Amortized Inference of Neuron Parameters on Analog Neuromorphic Hardware
Jakob Kaiser, Eric Müller, Johannes Schemmel
TL;DR
This work tackles parameter inference for seven adaptive exponential integrate-and-fire neuron parameters on analog neuromorphic hardware using amortized simulation-based inference. It compares two feature extraction strategies—handcrafted statistics and a learned summary network—within a BayesFlow framework, showing that the summary network yields more focused posteriors and posterior predictive traces that better capture membrane dynamics. By constraining the parameter space with a binary classifier, the study efficiently targets moderate spike-count regimes and demonstrates that amortized inference can generalize across observations and hardware runs. The results support the viability of amortized SBI for parameterizing complex analog neuron circuits, while acknowledging calibration and temporal-noise challenges that warrant further work and extensions to diffusion-based models and electrophysiology data.
Abstract
Our work utilized a non-sequential simulation-based inference algorithm to provide an amortized neural density estimator, which approximates the posterior distribution for seven parameters of the adaptive exponential integrate-and-fire neuron model of the analog neuromorphic BrainScaleS-2 substrate.
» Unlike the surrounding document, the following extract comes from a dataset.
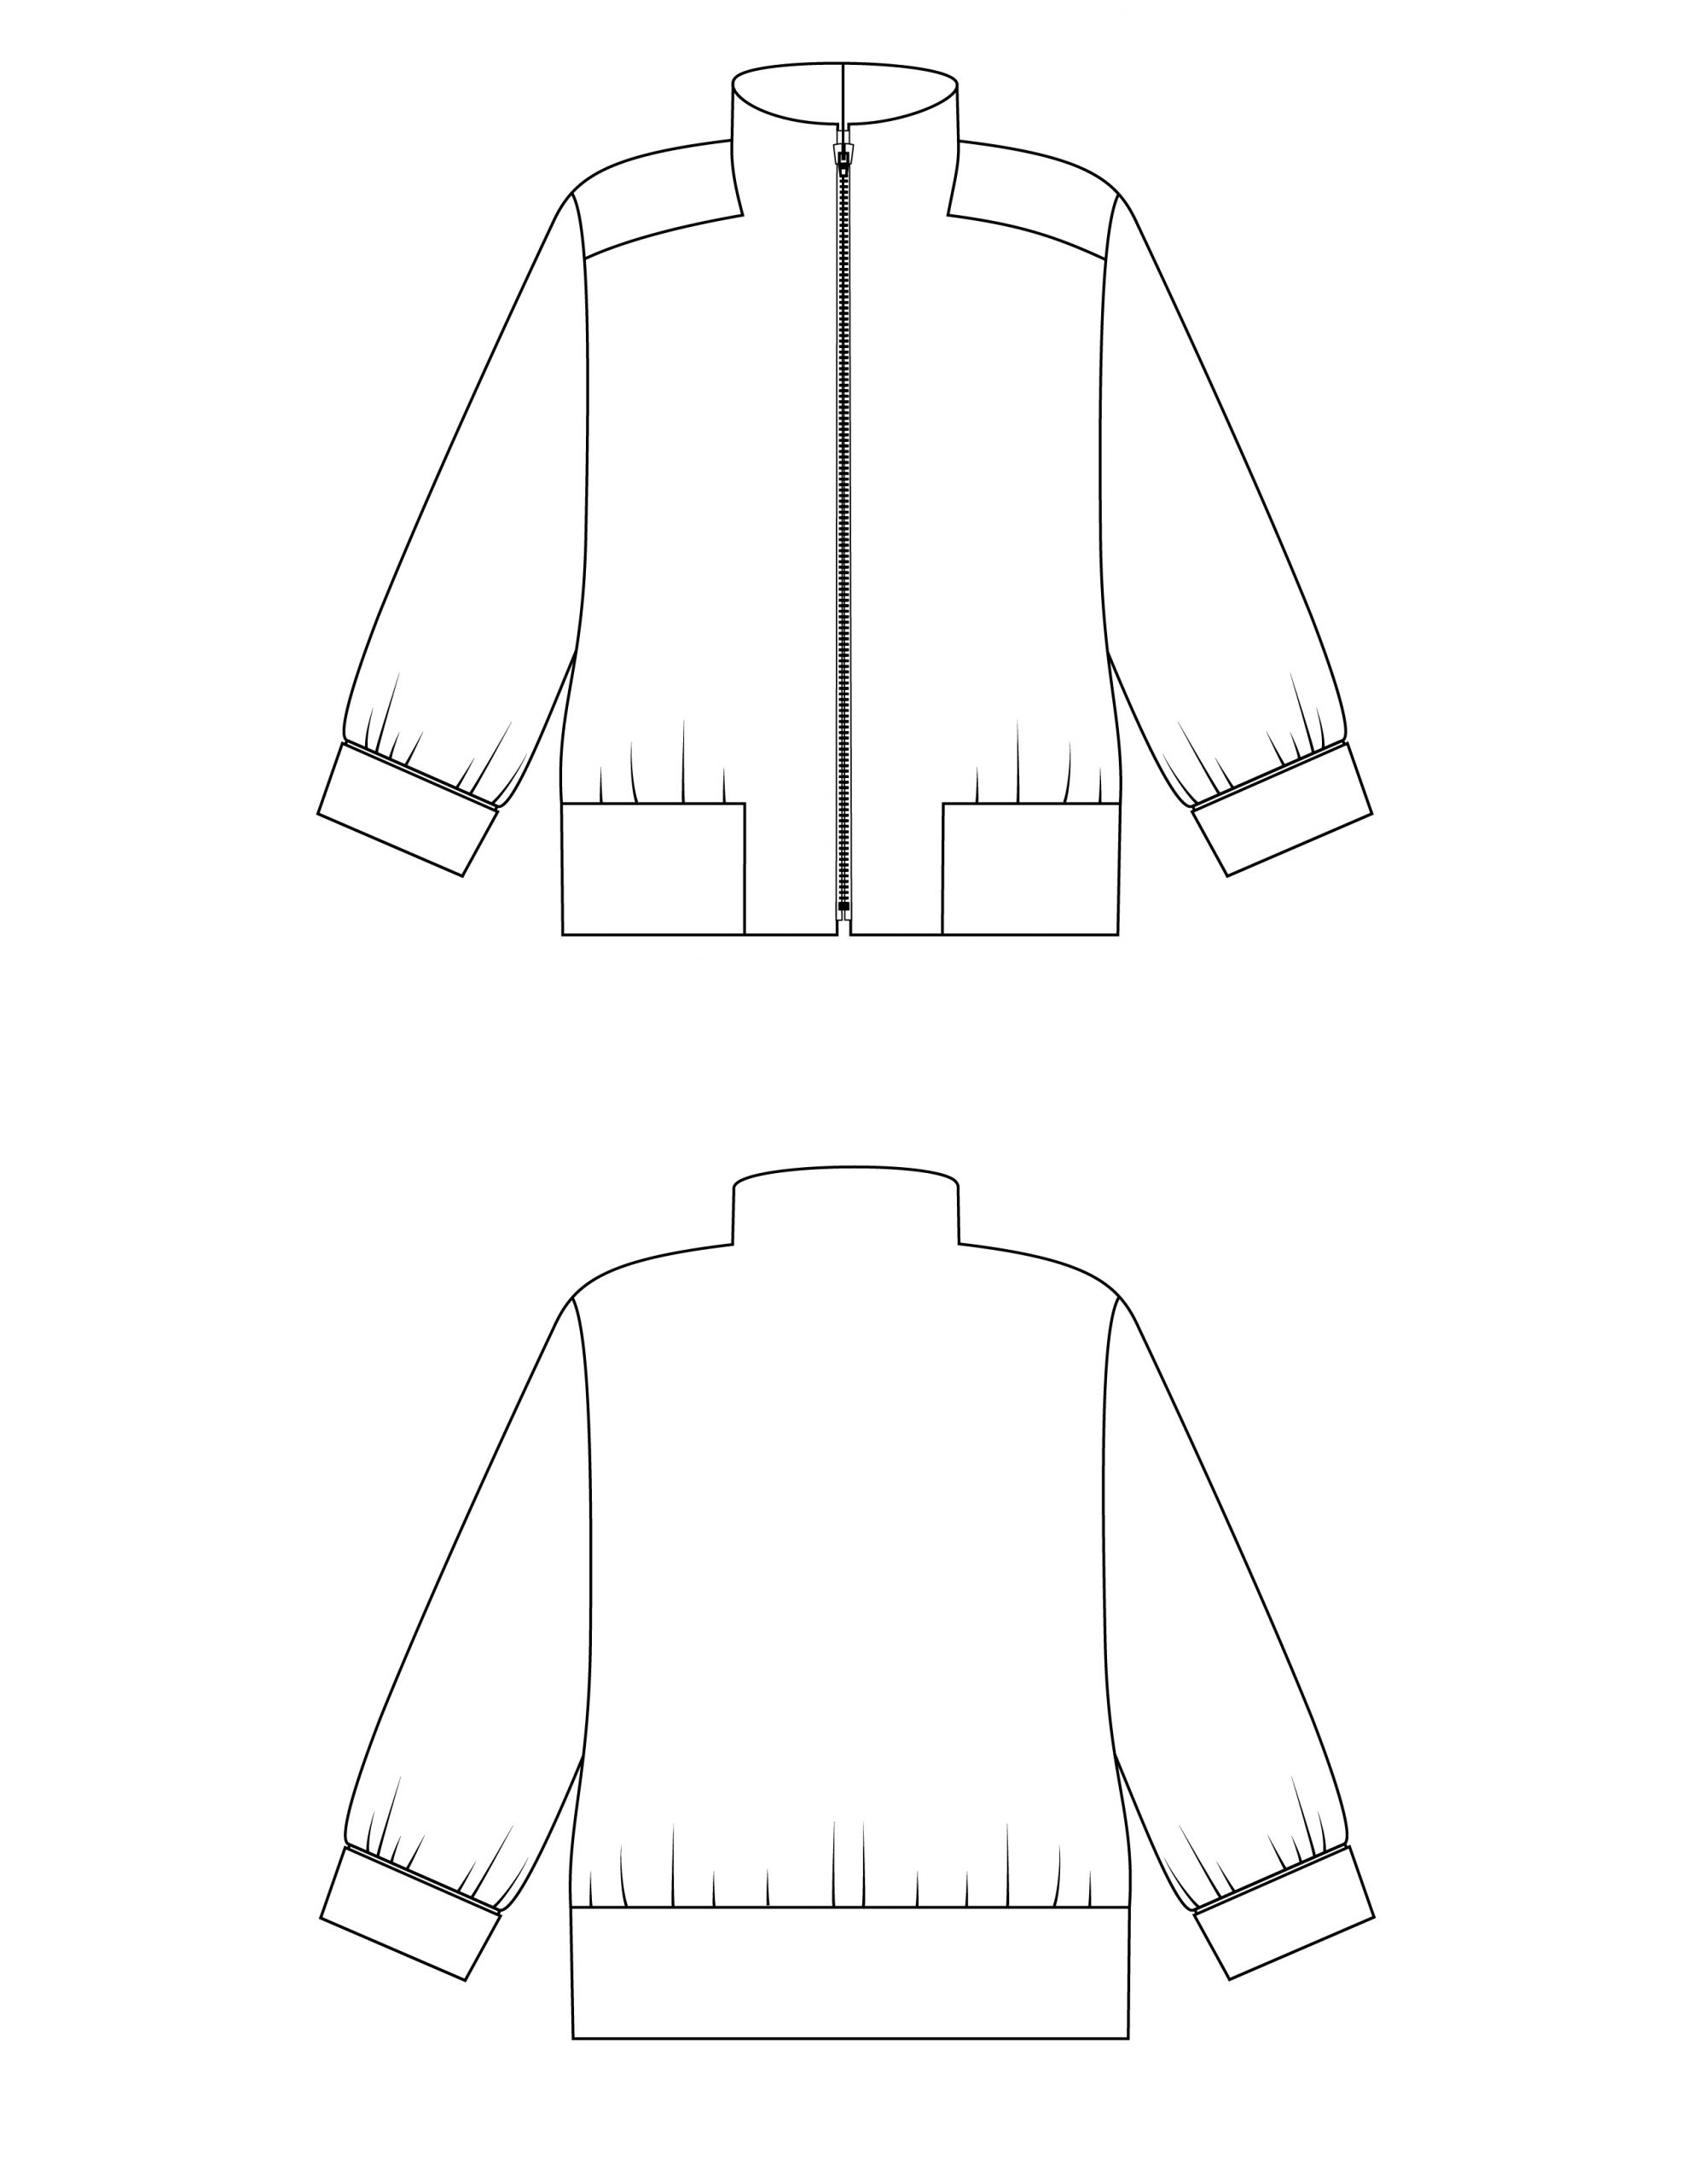 Ladies Bomber Jacket Front and Back Flat Sketch Vector Template by Abdullah  Al Mamun on Dribbble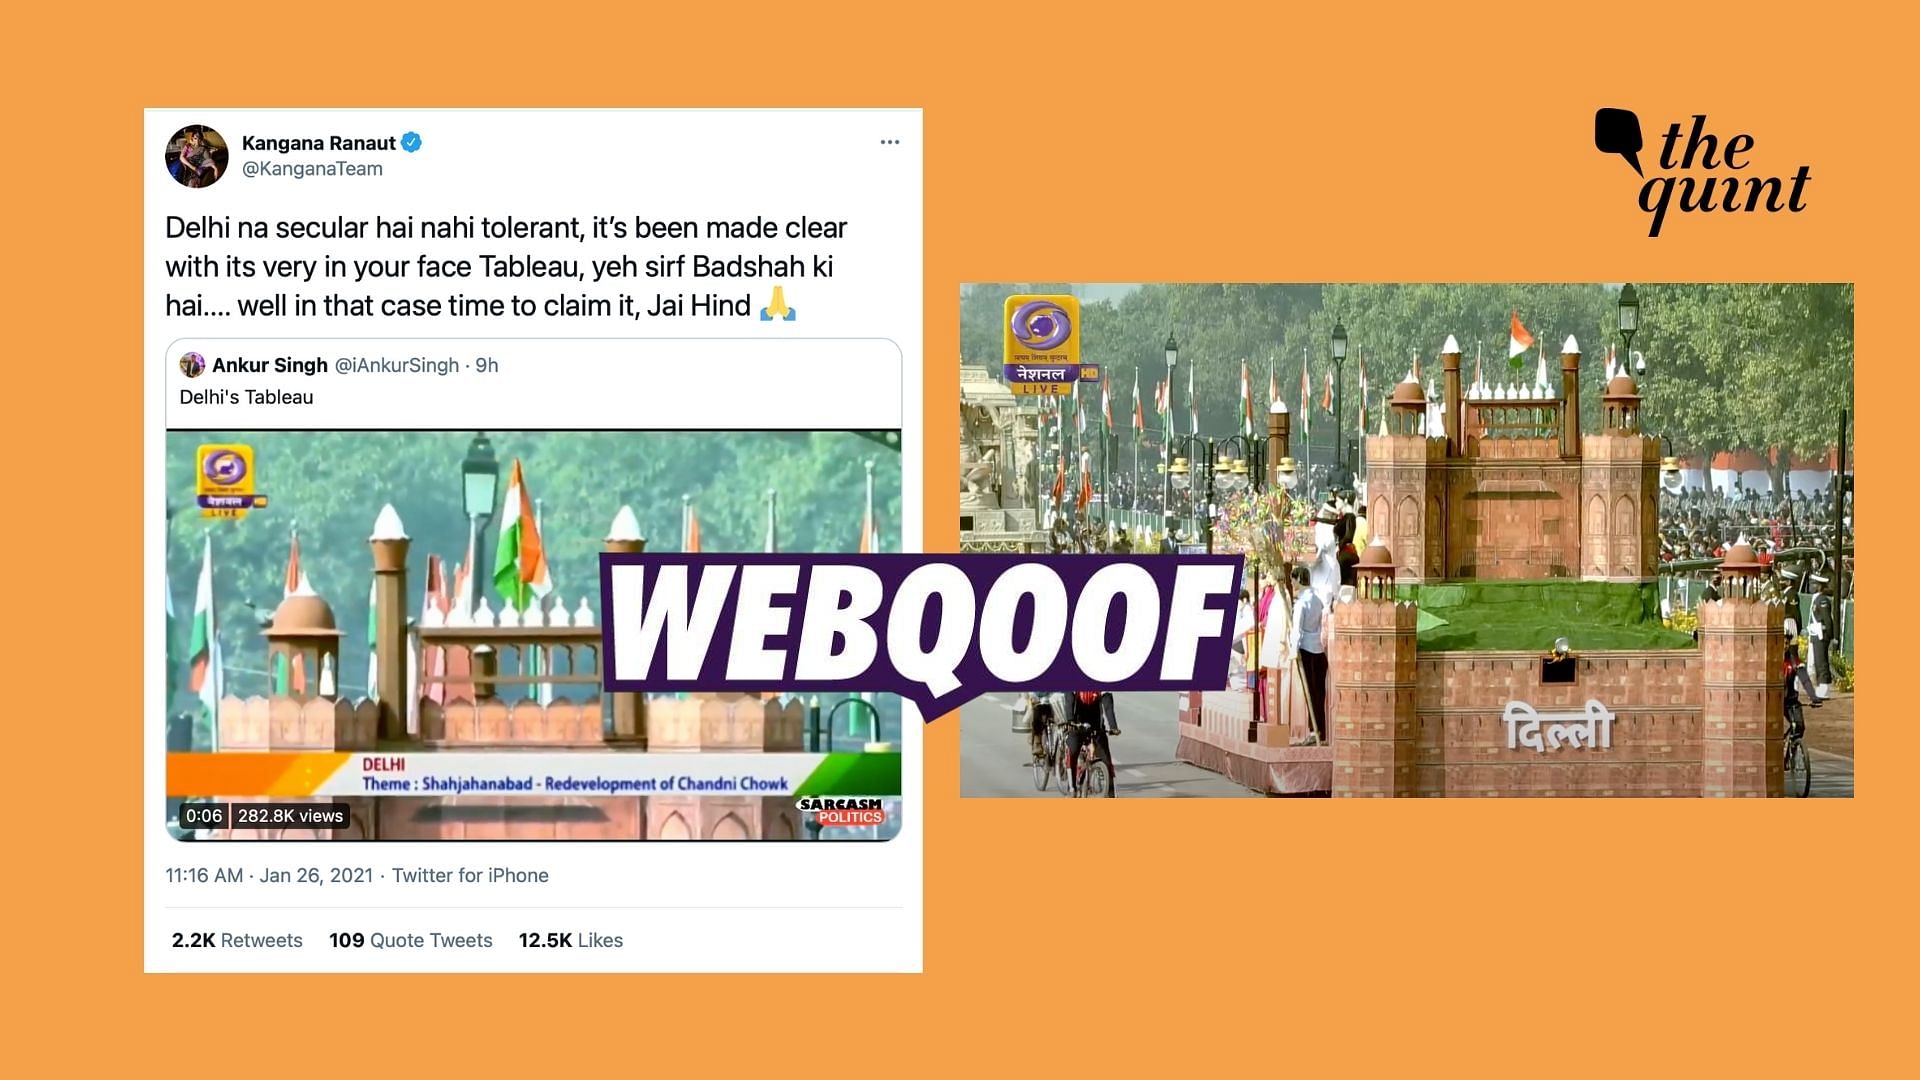 A clipped video of the Delhi tableau at this year’s Republic Day parade was shared to make a false claim.

We constrained the large parameter space by training a binary classifier to predict parameter combinations yielding observations in regimes of interest, i.e. moderate spike counts. We compared two neural density estimators: one using handcrafted summary statistics and one using a summary network trained in combination with the neural density estimator. The summary network yielded a more focused posterior and generated posterior predictive traces that accurately captured the membrane potential dynamics. When using handcrafted summary statistics, posterior predictive traces match the included features but show deviations in the exact dynamics. The posteriors showed signs of bias and miscalibration but were still able to yield posterior predictive samples that were close to the target observations on which the posteriors were constrained. Our results validate amortized simulation-based inference as a tool for parameterizing analog neuron circuits.